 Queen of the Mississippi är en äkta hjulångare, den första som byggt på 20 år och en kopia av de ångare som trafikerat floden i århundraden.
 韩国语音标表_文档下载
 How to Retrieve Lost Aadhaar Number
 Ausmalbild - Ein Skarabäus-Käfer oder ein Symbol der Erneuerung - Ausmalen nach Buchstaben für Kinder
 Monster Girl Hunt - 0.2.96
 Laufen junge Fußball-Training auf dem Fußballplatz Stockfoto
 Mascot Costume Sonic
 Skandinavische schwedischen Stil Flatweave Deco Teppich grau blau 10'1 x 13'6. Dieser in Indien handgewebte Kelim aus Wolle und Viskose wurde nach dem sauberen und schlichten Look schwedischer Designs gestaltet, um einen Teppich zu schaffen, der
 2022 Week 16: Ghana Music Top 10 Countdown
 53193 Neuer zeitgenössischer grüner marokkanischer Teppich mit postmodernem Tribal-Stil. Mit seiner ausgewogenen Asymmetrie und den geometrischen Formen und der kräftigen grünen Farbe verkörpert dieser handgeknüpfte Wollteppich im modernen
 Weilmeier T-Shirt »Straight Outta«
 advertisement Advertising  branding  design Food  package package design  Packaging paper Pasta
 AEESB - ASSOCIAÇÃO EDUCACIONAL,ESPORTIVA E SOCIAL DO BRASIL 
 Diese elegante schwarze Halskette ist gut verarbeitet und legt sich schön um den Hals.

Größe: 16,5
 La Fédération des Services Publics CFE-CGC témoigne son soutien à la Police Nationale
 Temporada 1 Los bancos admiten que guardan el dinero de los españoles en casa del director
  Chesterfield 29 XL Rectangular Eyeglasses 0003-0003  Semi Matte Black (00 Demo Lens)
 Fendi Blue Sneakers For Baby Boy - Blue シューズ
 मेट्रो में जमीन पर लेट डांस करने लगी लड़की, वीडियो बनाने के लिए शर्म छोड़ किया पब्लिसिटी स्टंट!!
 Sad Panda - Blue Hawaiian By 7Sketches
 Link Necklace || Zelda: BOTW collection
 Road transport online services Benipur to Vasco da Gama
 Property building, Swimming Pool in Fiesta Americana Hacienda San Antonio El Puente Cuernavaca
= = = = =
* **Problem statement**
Spot every line in the entries that includes the word "Teppich", and copy each one out.

* **Output of the task**
 Skandinavische schwedischen Stil Flatweave Deco Teppich grau blau 10'1 x 13'6. Dieser in Indien handgewebte Kelim aus Wolle und Viskose wurde nach dem sauberen und schlichten Look schwedischer Designs gestaltet, um einen Teppich zu schaffen, der
 53193 Neuer zeitgenössischer grüner marokkanischer Teppich mit postmodernem Tribal-Stil. Mit seiner ausgewogenen Asymmetrie und den geometrischen Formen und der kräftigen grünen Farbe verkörpert dieser handgeknüpfte Wollteppich im modernen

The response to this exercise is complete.